You calculations about that 100 meter drop are, in point of incontrovertable

fact, wrong.

When an object at rest is suddenly subjected to a constant acceleration a,

its velocity after time T will be

V = a T

The distance it will travel is

d = 1/2 a T^2

This is elementary stuff; with constant acceleration the velocity is the

time integral of acceleration, and the distance is the time integral of

velocity.

Paul -- for the third time: Look in the first couple of chapters of your

physics text. It will be there. Guaranteed. Failing that, ten seconds of

searching the web gave me this: http://physics.webplasma.com/physics04.html

The same equations I've given are there; if you look at them, keep in mind

that for simplicity I've intentionally been ignoring Vo and Xo (the initial

velocity and position) by setting them to zero.

Applying them here, where a falling object is subjected to a constant

acceleration of 9.8 m/s^2 gives a falling time of 4.52 seconds, and a final

velocity of 44.27 meters per second.

It appears that you attempted to apply those equations, and made the

following error:

Instead of

d = 1/2 a T^2 transforming to T = sqrt(2d/a)

You somehow have decided that T = d/a.

This is just plain wrong. d is in meters; a is m/s^2. Dividing d by a

gives you dimensions of sec^2. You can't give a time in seconds squared; it

has to come out to seconds. Any calculation which does so *has* to be

wrong.

I have been at pains to explain what the principles and equations are when I

calculate a numerical result. You have not returned the courtesy. I ask

again: Please justify, with theoretical analysis and/or references that I

can check, why you think an object dropped from 100 meters in a 9.8 m/s^2

gravitational field, will be moving at 100 m/s^2 [sic] after 10.2 seconds.

And you simply *must* be open to the possibility that you are wrong.

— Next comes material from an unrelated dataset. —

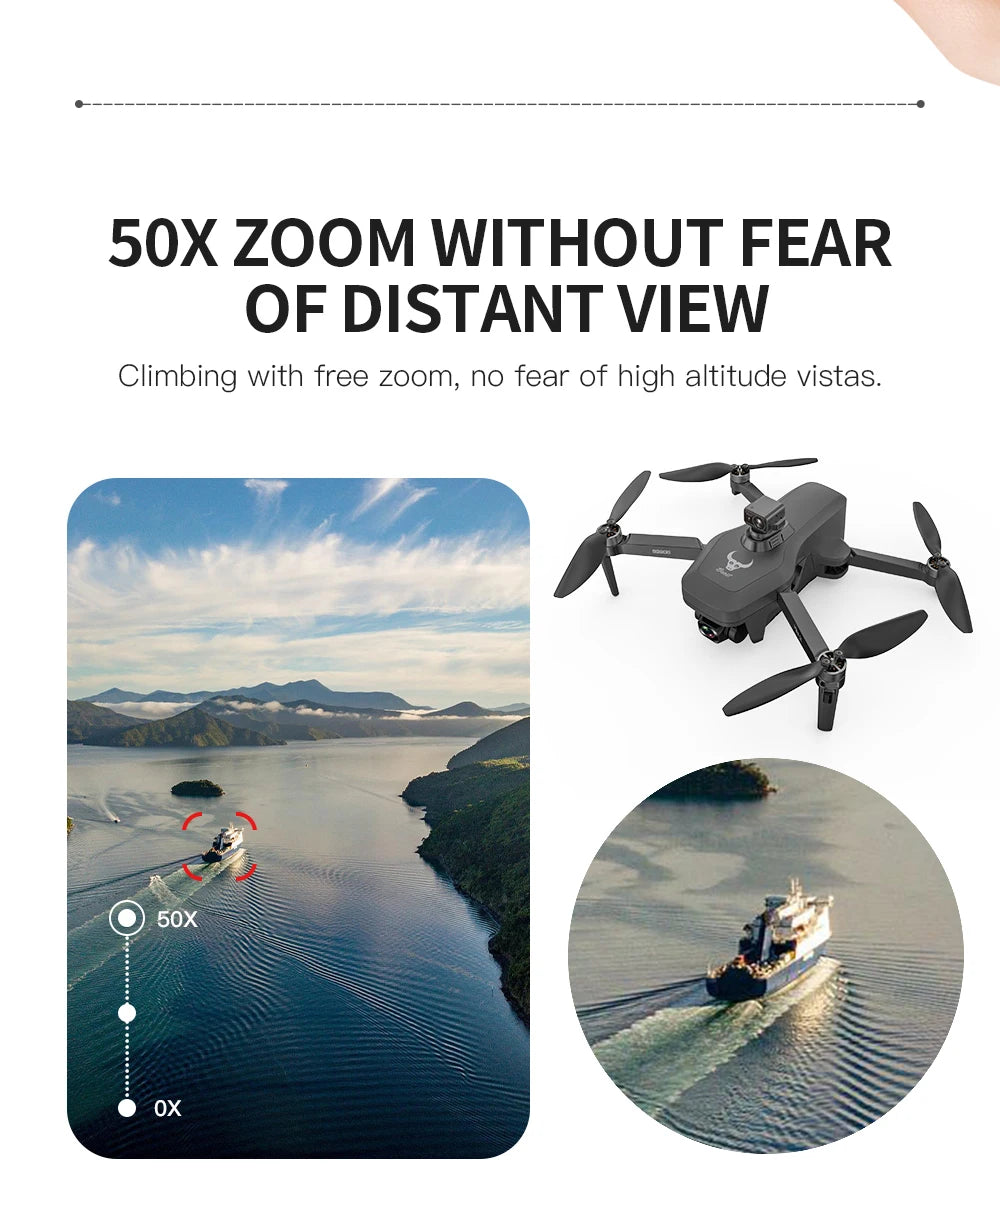 ZLL SG906 MINI SE Drone, 50X OXYZOOM WITHOUT FEAR OF DISTANT VIEW C
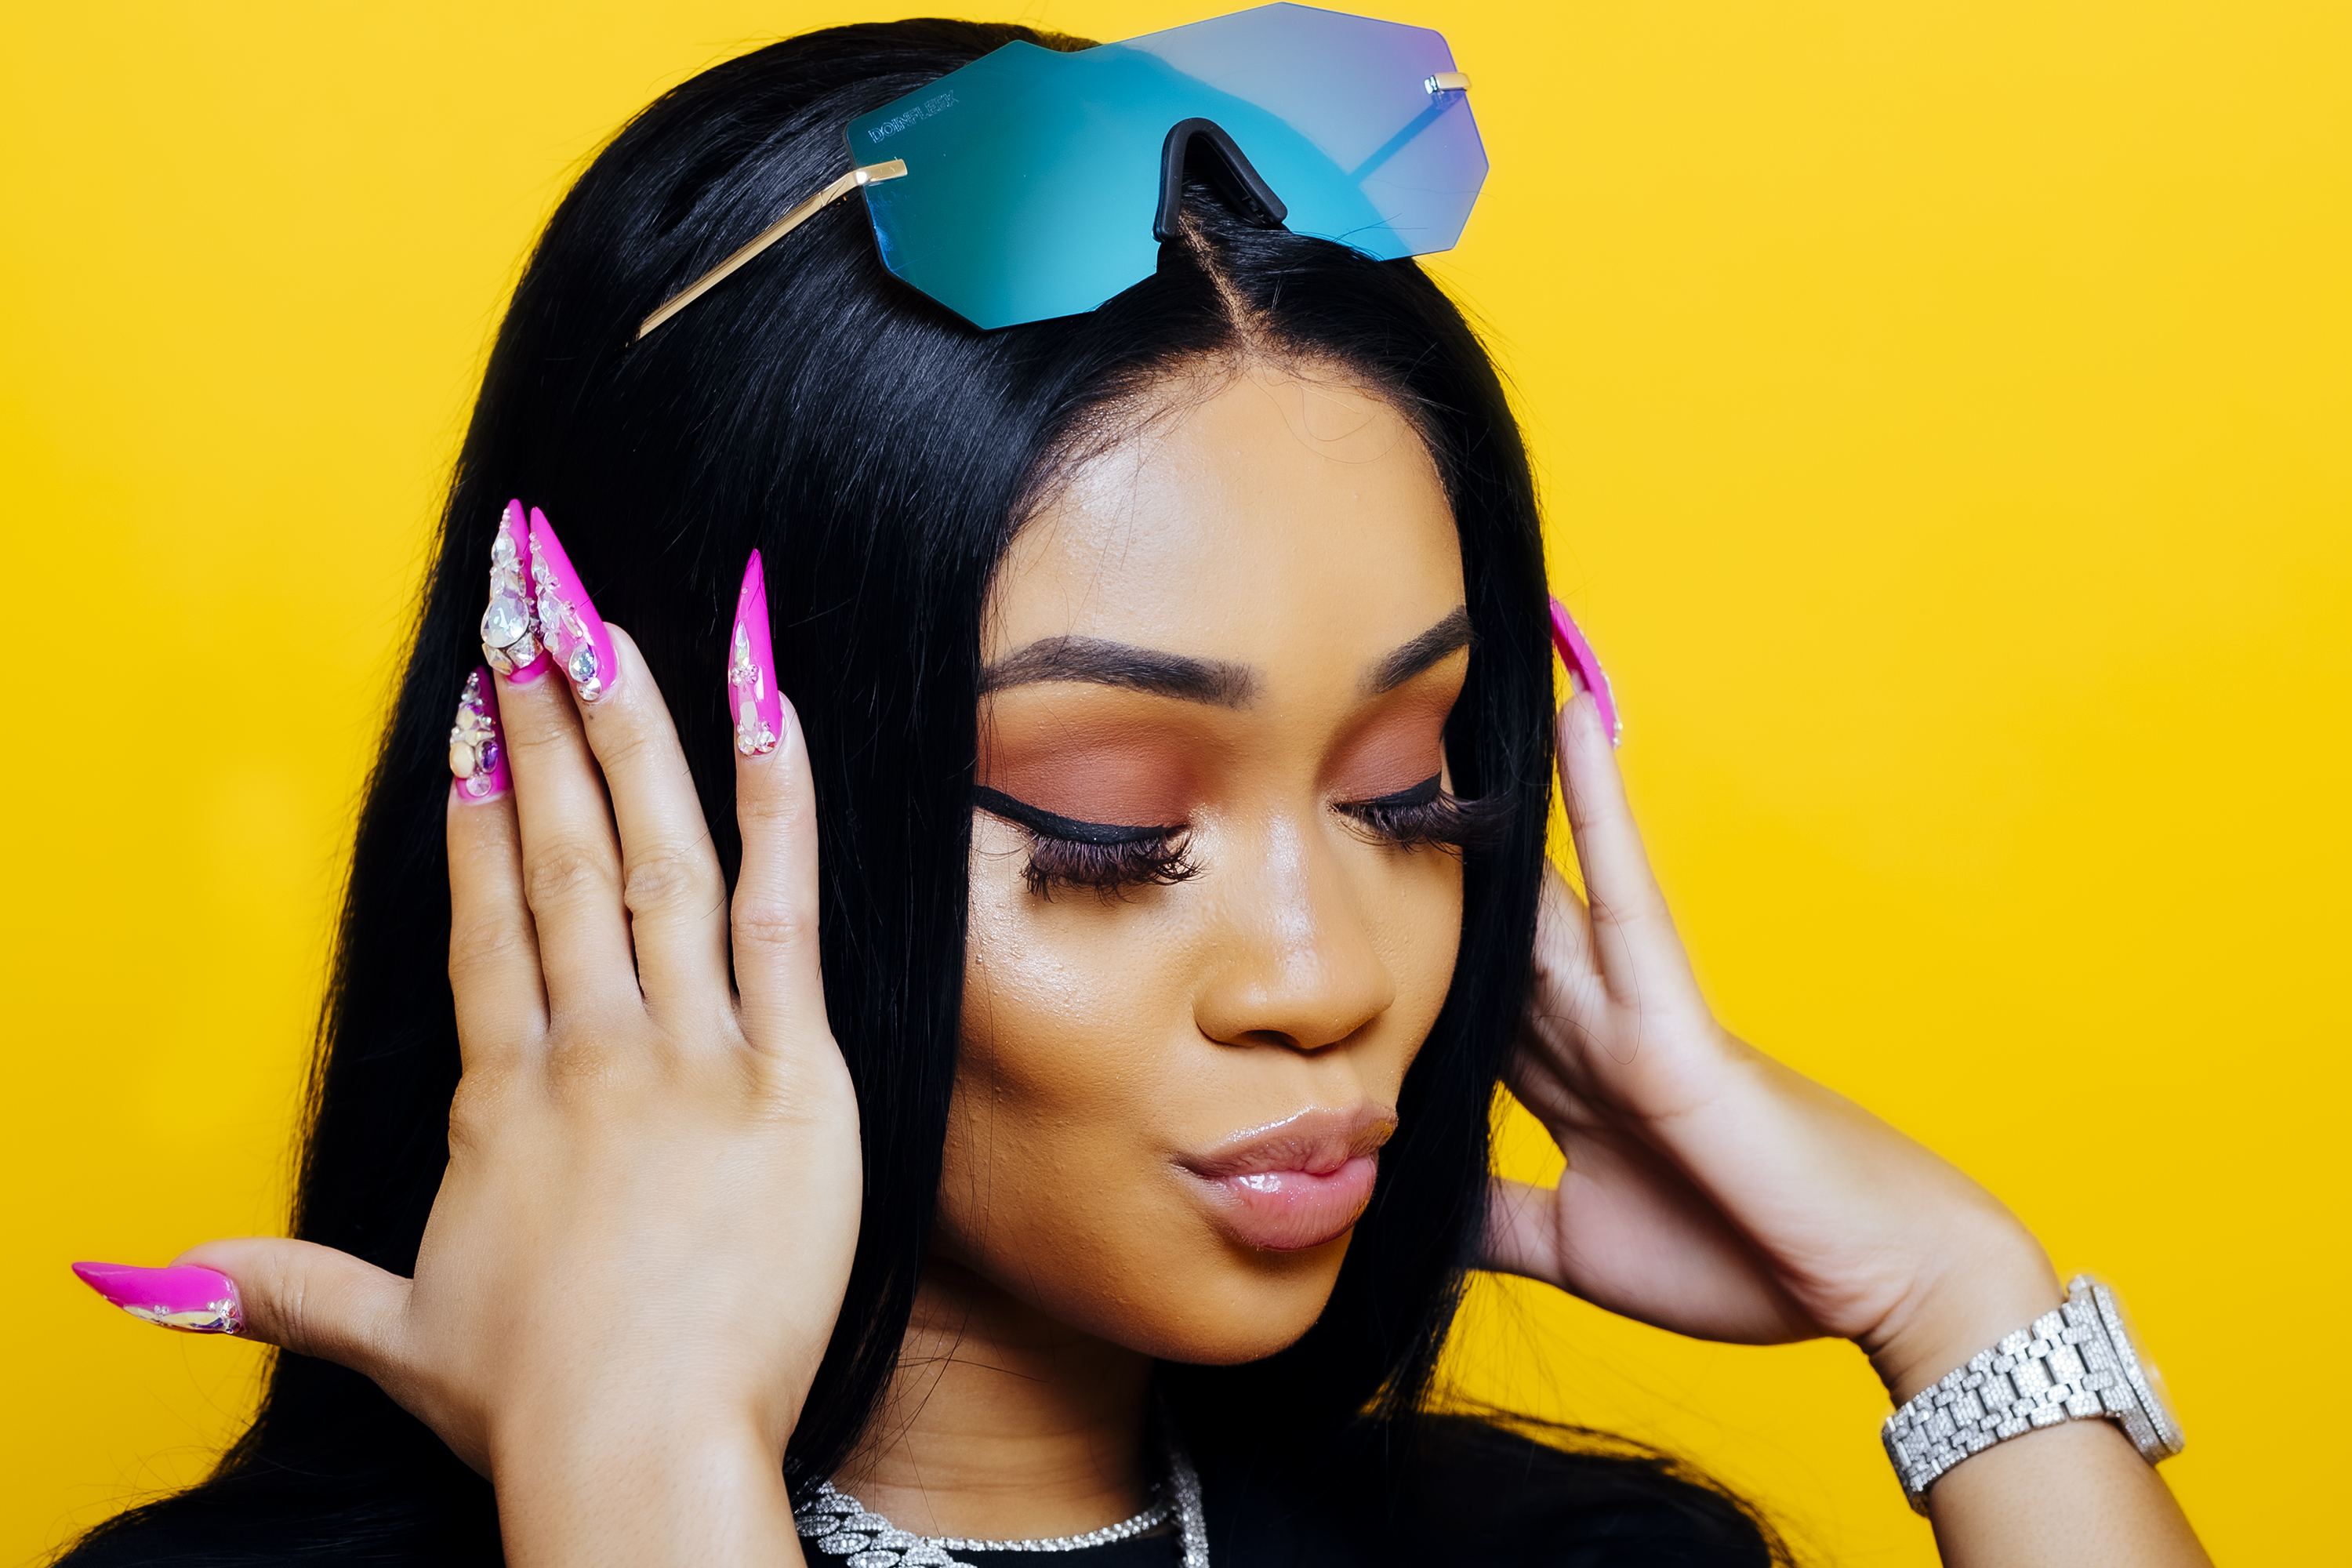 Saweetie is the big-dreams bad girl poised to destroy the rap game

In fact, we need to thrash out once and for all, why do you think you can

call a velocity "100 m/sec^2" Velocity is *defined* as a change in distance

divided by a change in time;- bob

im having a little problem with your calculation below

((((

The 500 Joules of Kinetic Energy in the moving 1000kg mass will be

converted

entirely into the Potential Energy of the lifted 1 kg mass.

500 kg-m^2/s^2 = 1kg * 9.8 m/s^2 * height.

))))

could you please explain.

I get the following.

500 kg-m^2/s^2 = 1kg * 9.8 m/sec^2 * h

500/1 = 1*9.8*10

500/1 = 9.8*10

500 = 98

500 and 98 are not equal.

--- In free_energy@y..., "gearjammer123us" <paul@w...> wrote:

> you ever go fishing bob.

> sometimes when you use rotten bait your catch will be greater

> than when you use fresh bait.

> it depends on the fish.

>

> I intentionally gave you wrong answers to see if I could get you to

> admit to the correctness or validity of my proposed system.

>

> this mission was successful.

>

> this clip is in reference to bobs post # 2621

> here he gives a problem and then he gives his solution to

> the problem.

> the problem is a mere mass vs mass problem.

> the correct answer will provide the distance that

> mass 1 will pull mass 2.

>

> it is a simple problem.

> note: he is using "frictionless wheels"

> **********************************

> note also:

> water flowing through a smooth wall plastic pipe

> is met with a resistance of only .002 which can be

> expressed as a percentage of the gravity that causes

> resistance in the form of friction.

>

> ie..a

> 1000 kg mass of fluid

> vs a mass equivalent to

> .002 percent of the 1000 kg mass.

> ***************************************

> to continue with bobs exercise.

>

> and the mass has a velocity of 1 m/s

>

> Here's the question: At the exact moment that the rising weight

comes

> to a halt, how high will it be over the ground? How long will it

take

> to get there?

>

> here are bobs answers:

>

> The height of the 1kg mass at the moment the masses stop moving

will

> be 51 meters.

> The time it will take for the 1kg mass to reach that height will be

> 102 seconds.

> *** this is correct ***

> this proves that bob knows physics.

>

> ******************

> so bob is saying here that a 1000kg mass that has a velocity of 1

> meter per second can lift a 1kg mass to a height of 51meters.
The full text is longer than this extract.